No pictures belong in the copy. Set down exactly the lines from the one that contains "B&W Parti-Colored Standard" through the end of the data.

Dataset excerpts:
•••••
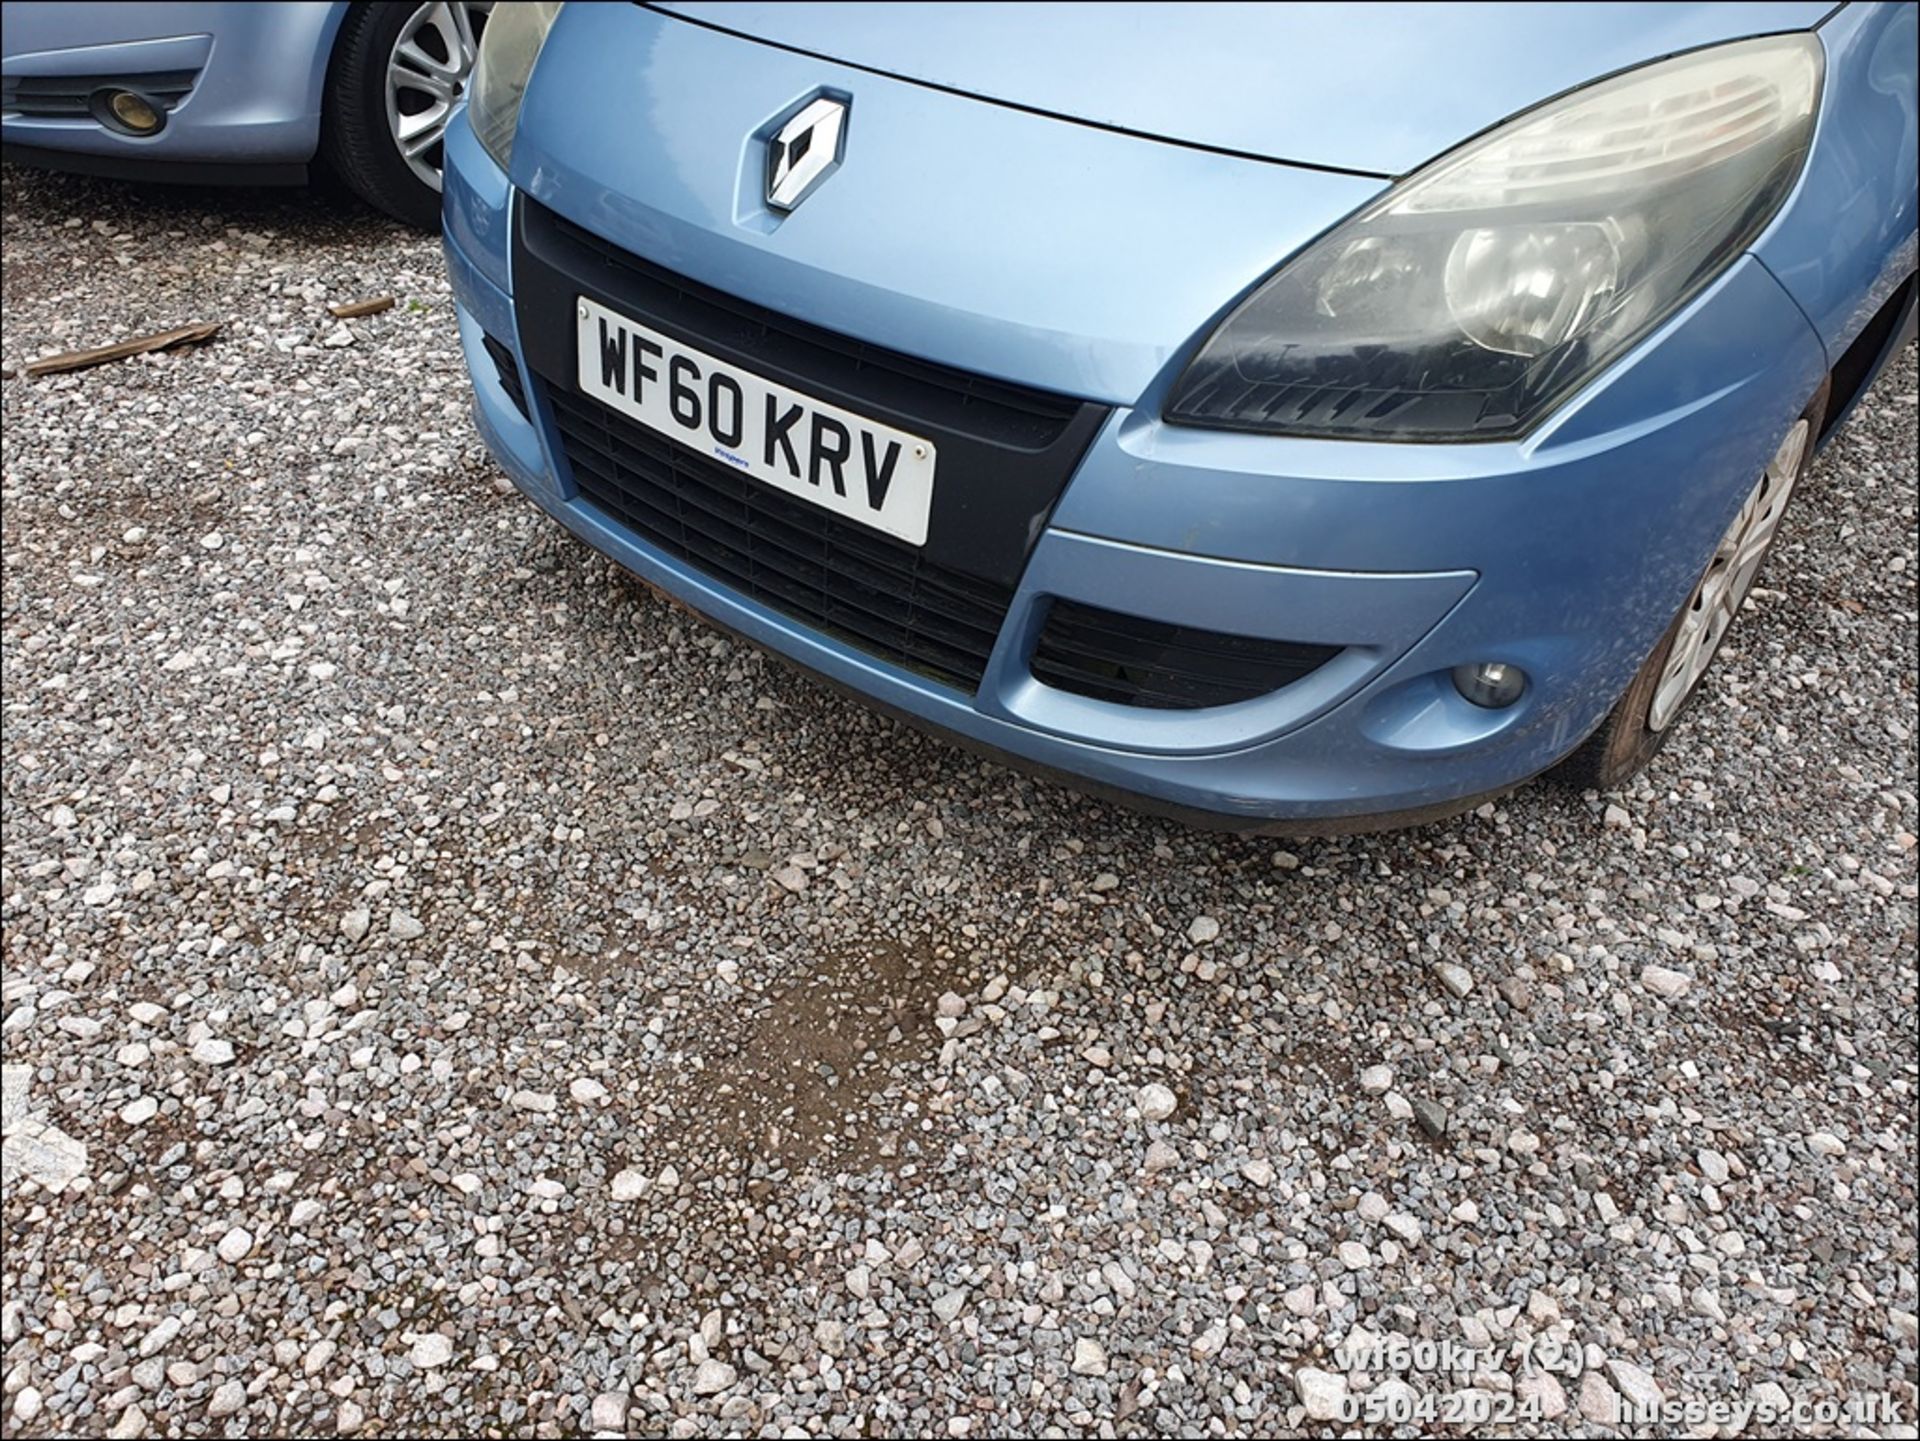 10/60 RENAULT SCENIC EXPRESSION DCI 105 - 1461cc 5dr MPV (Blue) - Image 3 of 50
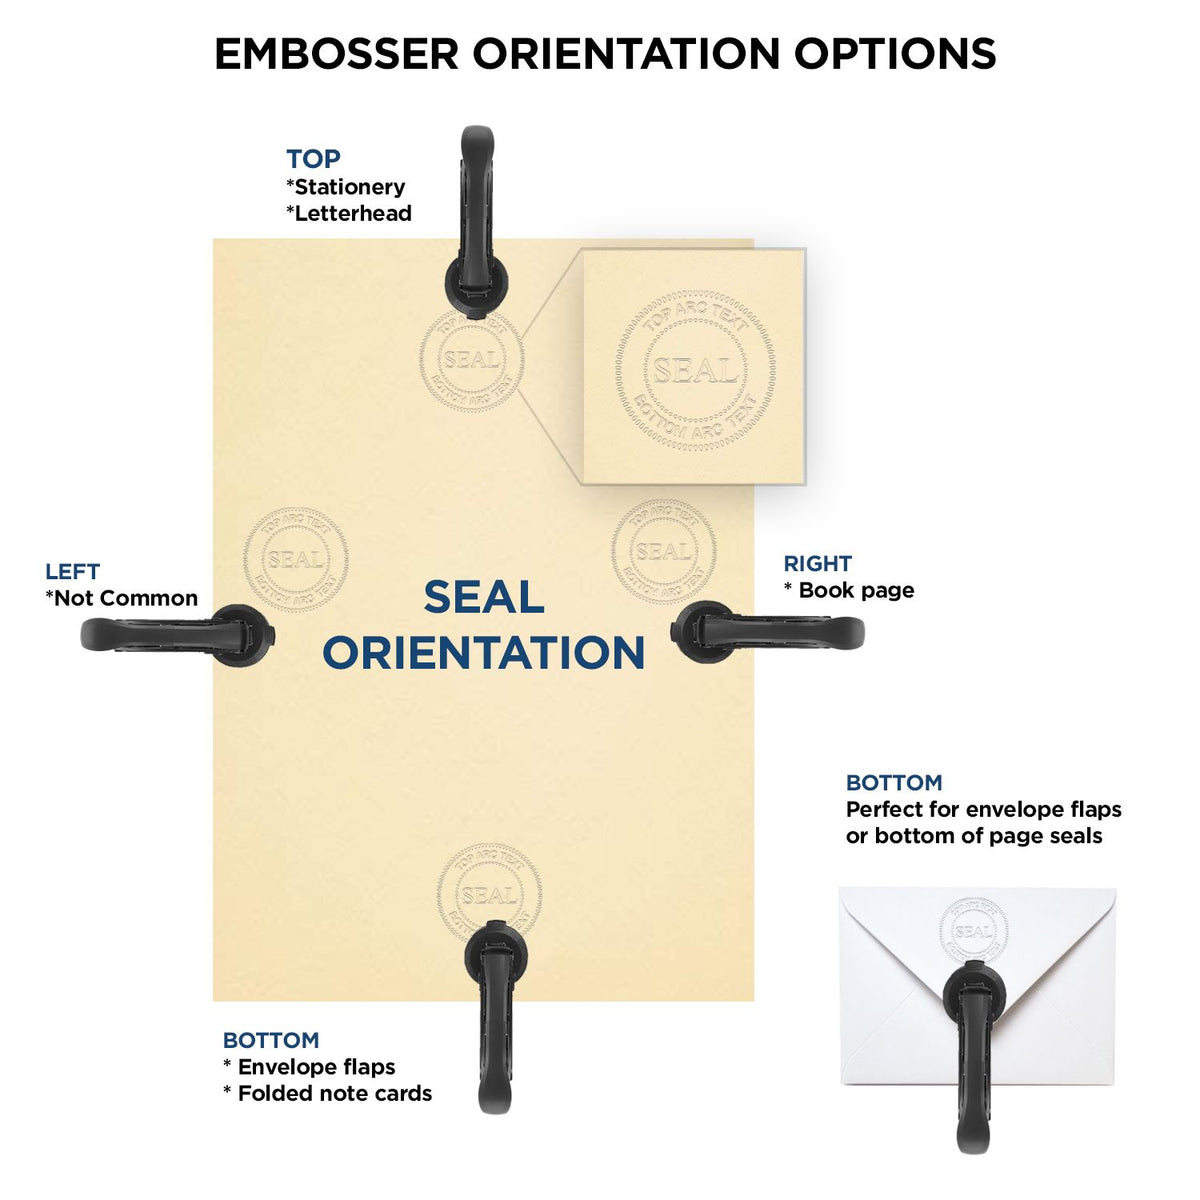 An infographic for the Long Reach Mississippi PE Seal showing embosser orientation, this is showing examples of a top, bottom, right and left insert.
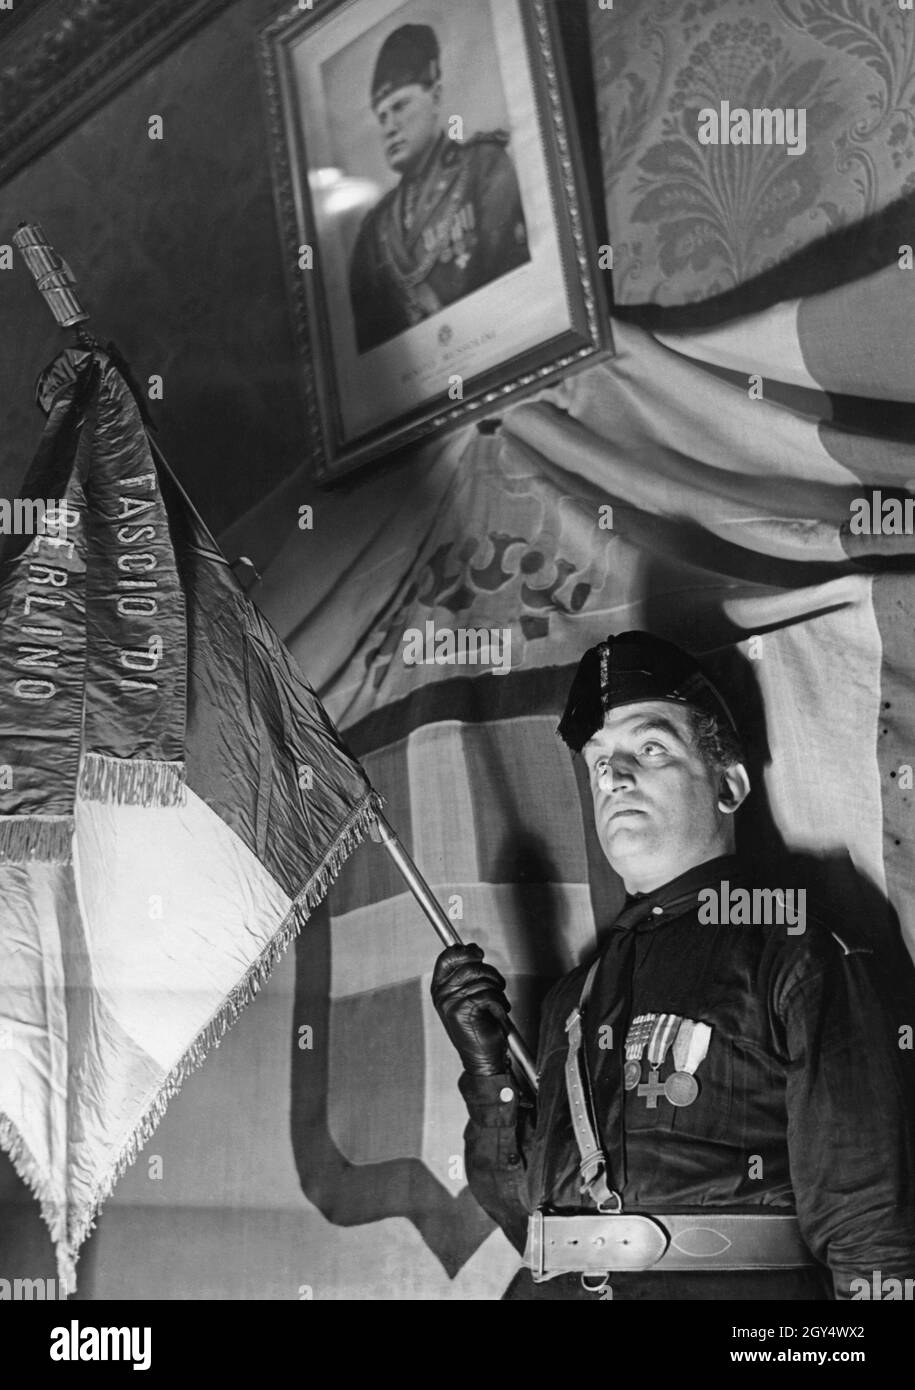 The Italian fascist group in Berlin (Fascio di Berlino) received a flag from Mussolini. The flag bearer is standing under a portrait of the dictator Benito Mussolini. The photograph was taken in 1933. [automated translation] Stock Photo
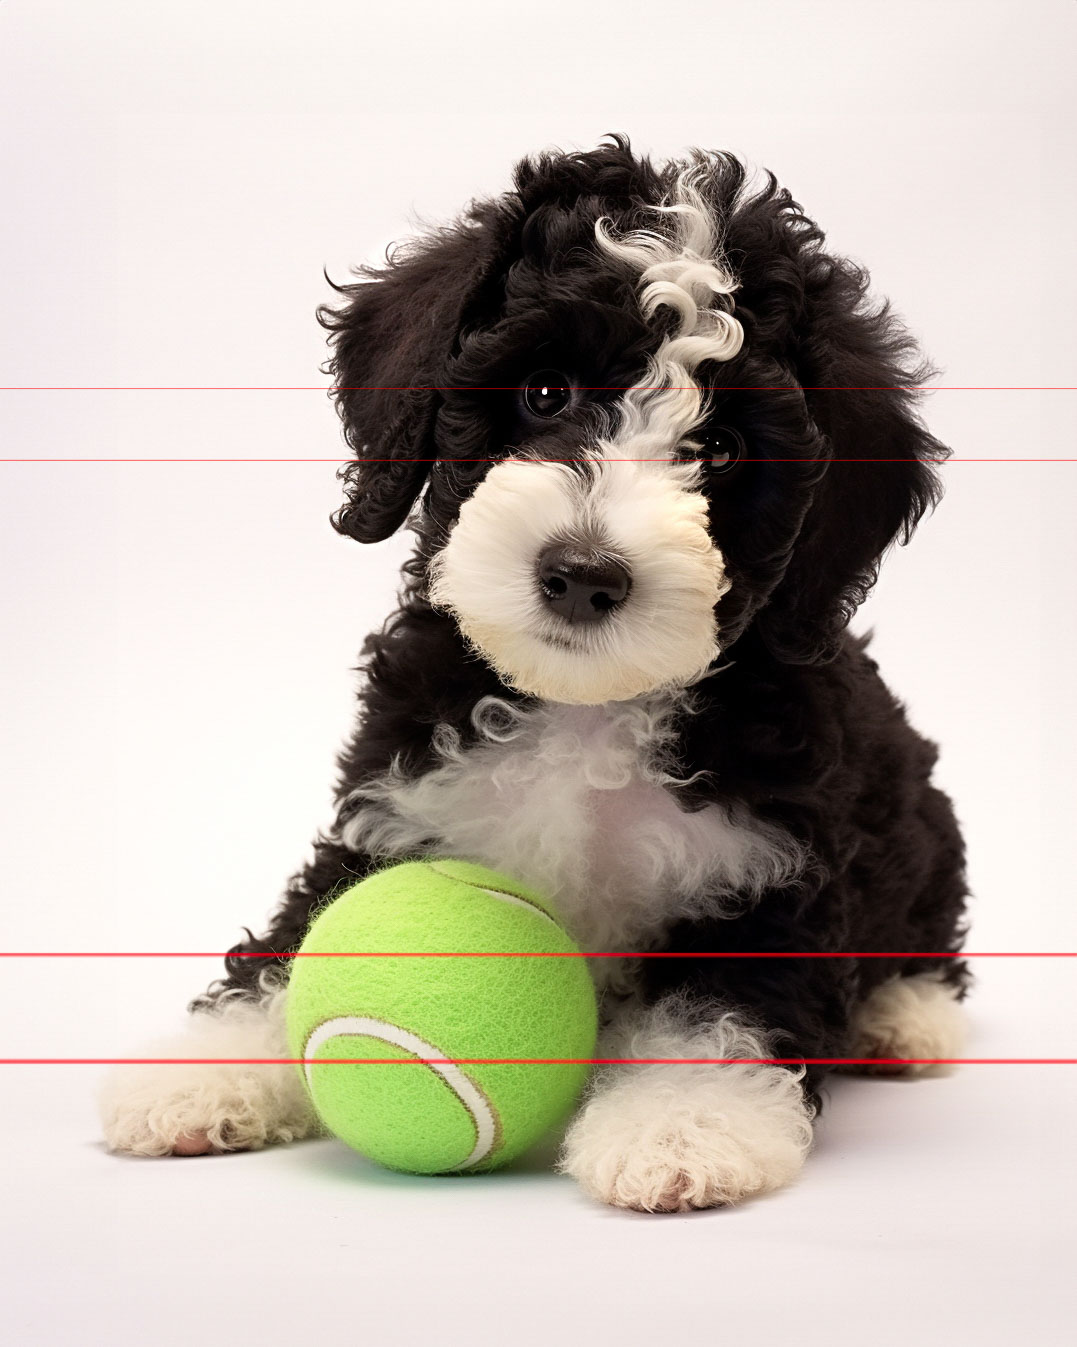 B&W Parti-Colored Standard Poodle Puppy with Tennis Ball
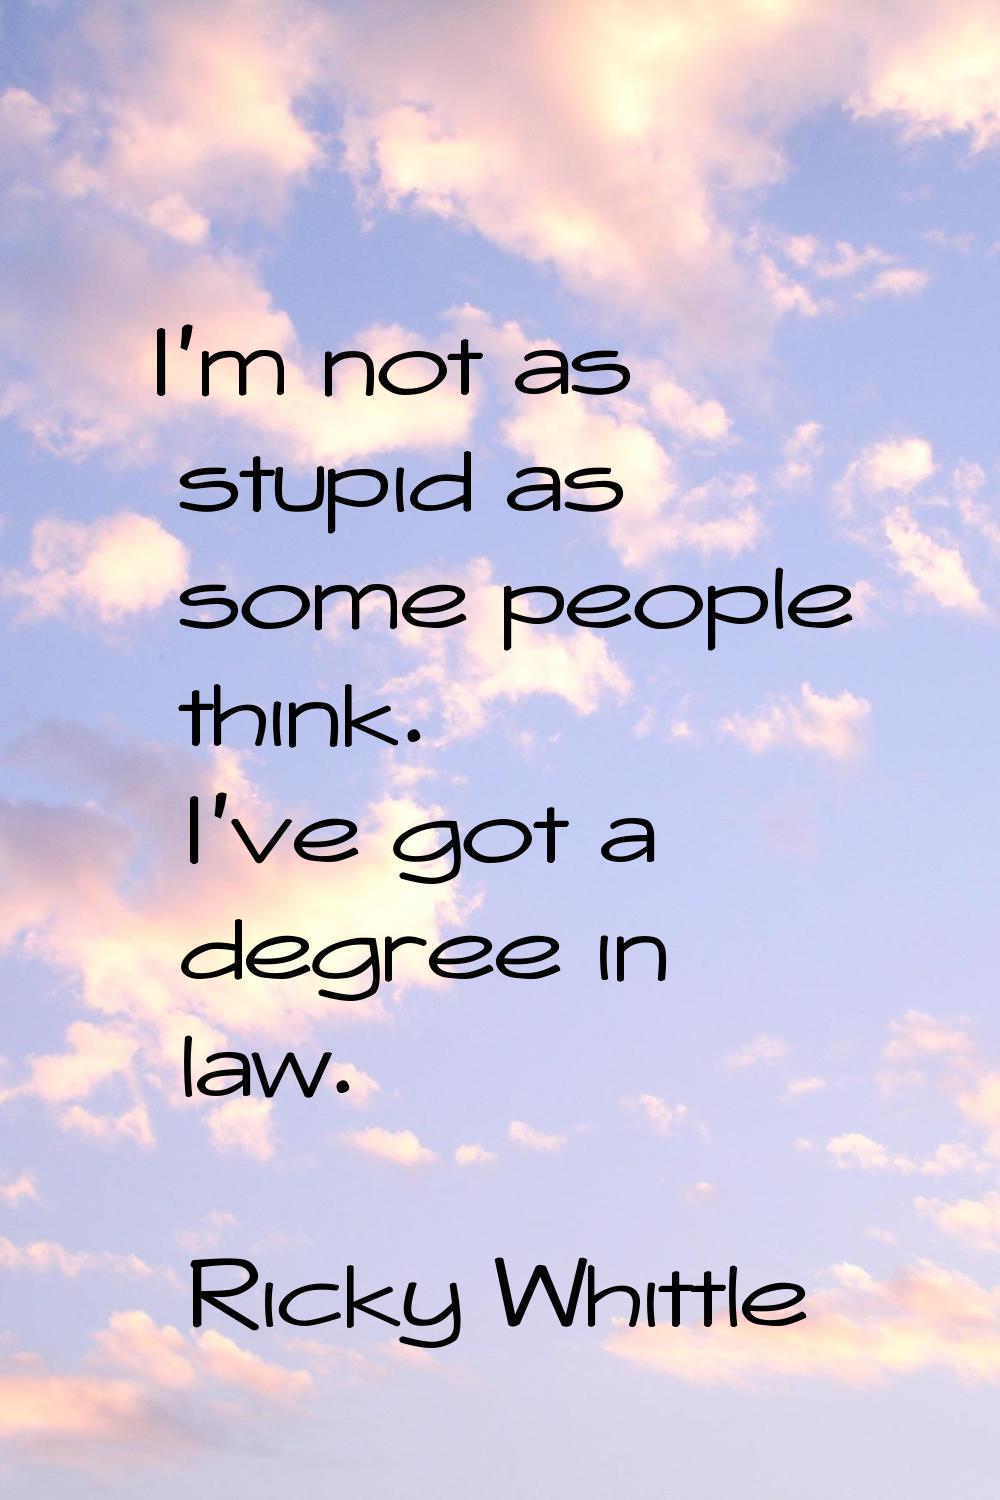 I'm not as stupid as some people think. I've got a degree in law.
•••••
## RESPONSE TO THIS TASK
 B&W Parti-Colored Standard Poodle Puppy with Tennis Ball
 I'm not as stupid as some people think. I've got a degree in law.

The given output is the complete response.